Some of the more capable and literate of the contributors to these threads have succeeded in meeting the challenge
of identifying, analyzing and disproving James' fundamental claims, but that will never be enough to shut him up.
Even a simple, concrete counterexample will not serve. The long history of promoting errors would be sad if James
were simply a would-be technologist who found himself in way over his head. But this is not the case. He is an
abusive, arrogant megalomaniac with no evidence of talent, cognitive skills or humanity.

Perhaps he disagrees with my assessment. If so, I call on him to correct his errors and see where his arguments
lead when they are not diverted by mistakes.


--
A man of integrity will identify, acknowledge and correct his errors. A man without it will deny, ignore or defend
them.

Arturo Magidin

unread,
Jul 8, 2003, 4:15:08 PM7/8/03
to
In article <3c65f87.03070...@posting.google.com>,
James Harris <jst...@msn.com> wrote:

No, 2 is not coprime to 6 in the ring 2Z.

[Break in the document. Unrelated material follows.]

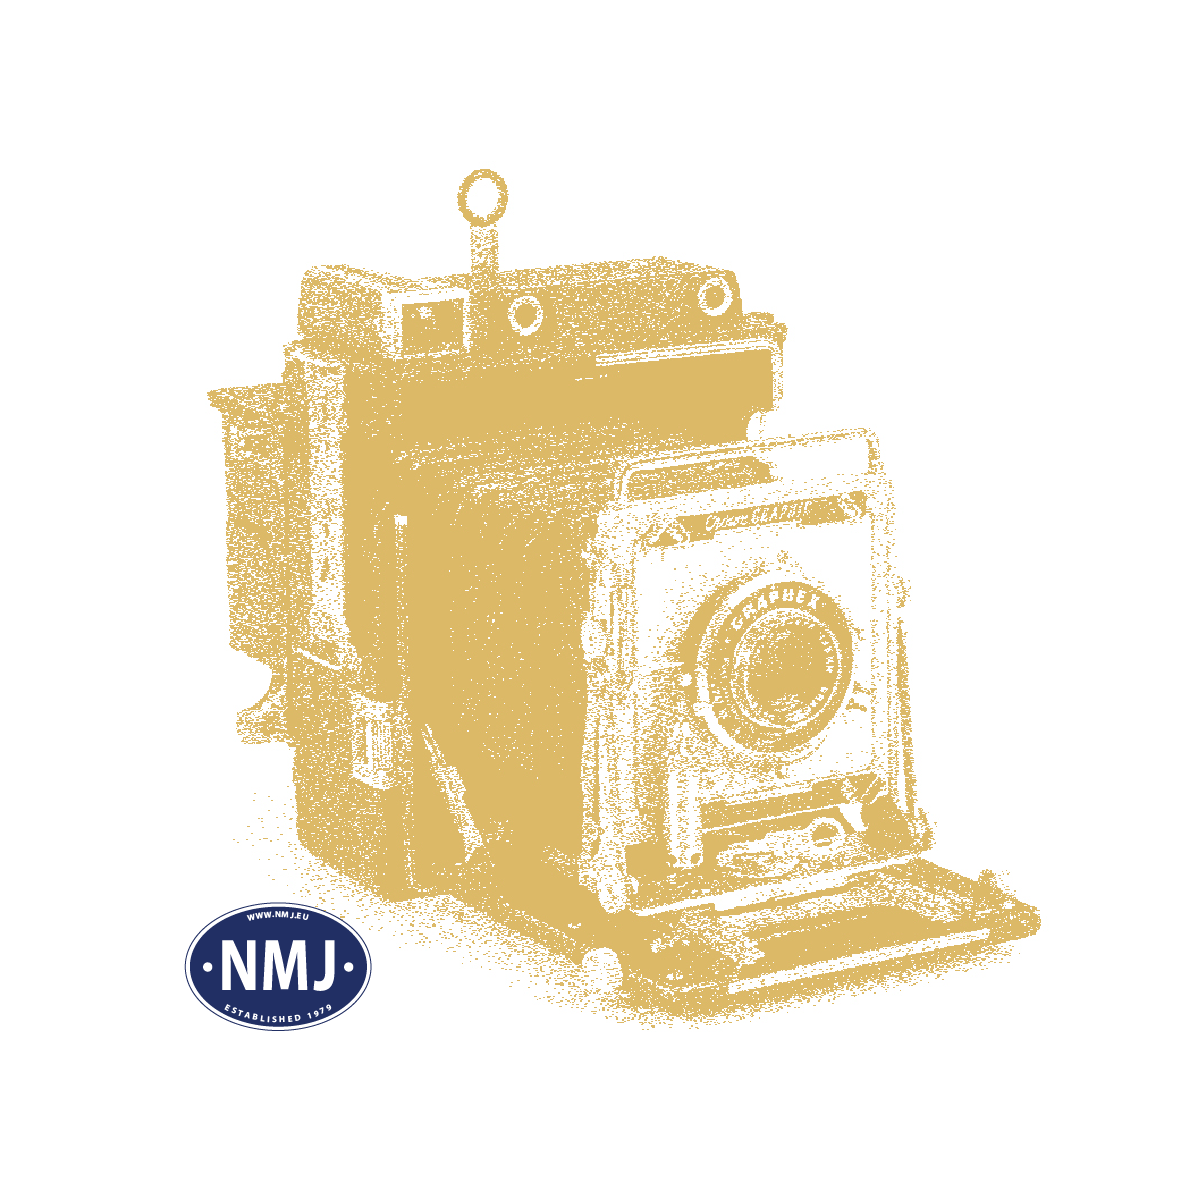 NMJT506.306 - NMJ Topline NSB Xbms 40 76 953 5013-9

Your error here is apparently thinking that "coprime" means that they
have no common divisors other than units. This is not the case in
general. In an arbitrary ring, "a and b are coprime" is STRONGER than
the statement "any common divisor of a and b is a unit."

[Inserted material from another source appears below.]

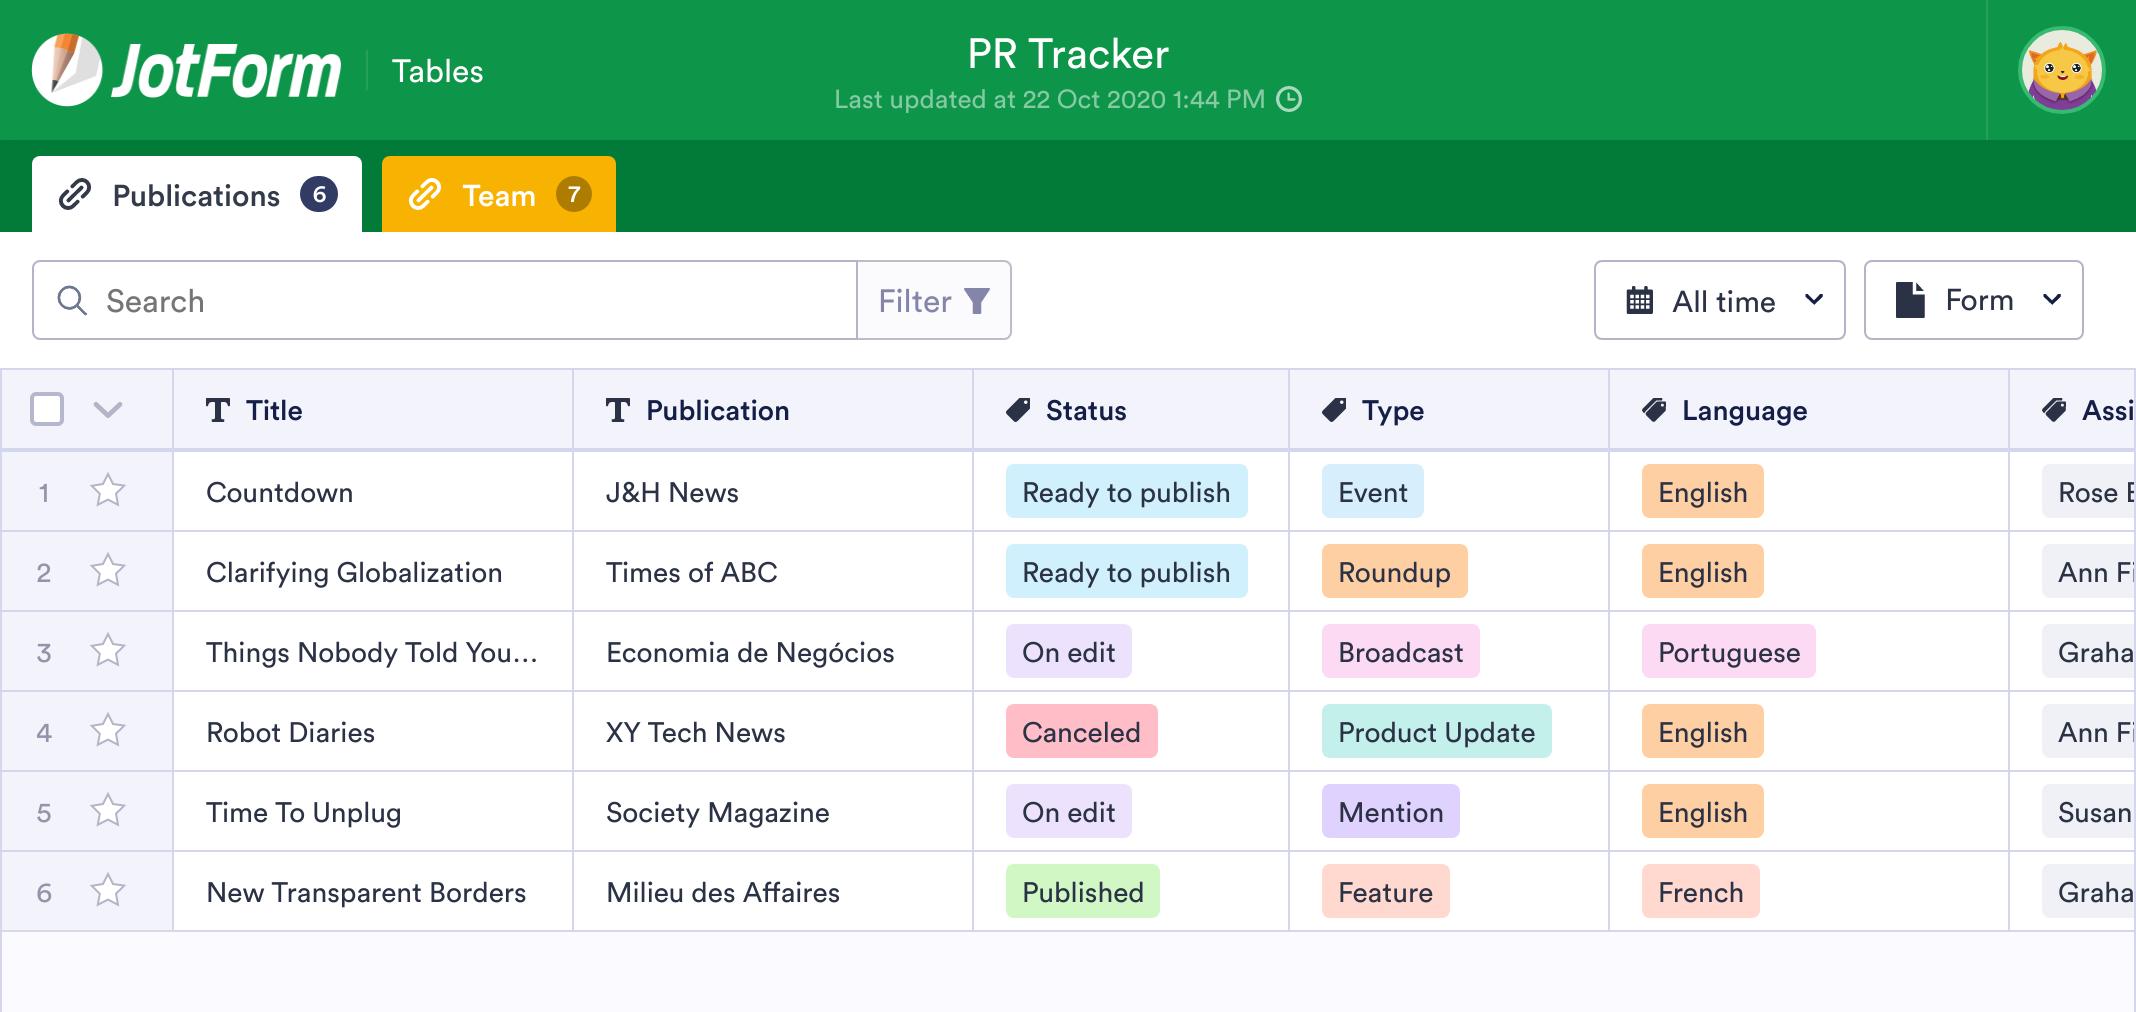 PR Tracker

For example, in the ring Z[sqrt(-5)], 2 and 1+sqrt(-5) have no common
divisors other than units, but they are NOT coprime.

As it happens, IN THE RING OF ALL ALGEBRAIC INTEGERS, one can prove
that "a and b are coprime" is equivalent to "any common divisor of a
and b is a unit", but that is a property that only SOME rings have.

>Then by your reasoning I'd have to have something like
>
> 2r + 6s = 1
>
>which is not true, as 1 isn't even in the ring.
>
>Yet *somehow* 2 is coprime to 6 in the ring of evens.

It is not. You are once again misusing standard terminology.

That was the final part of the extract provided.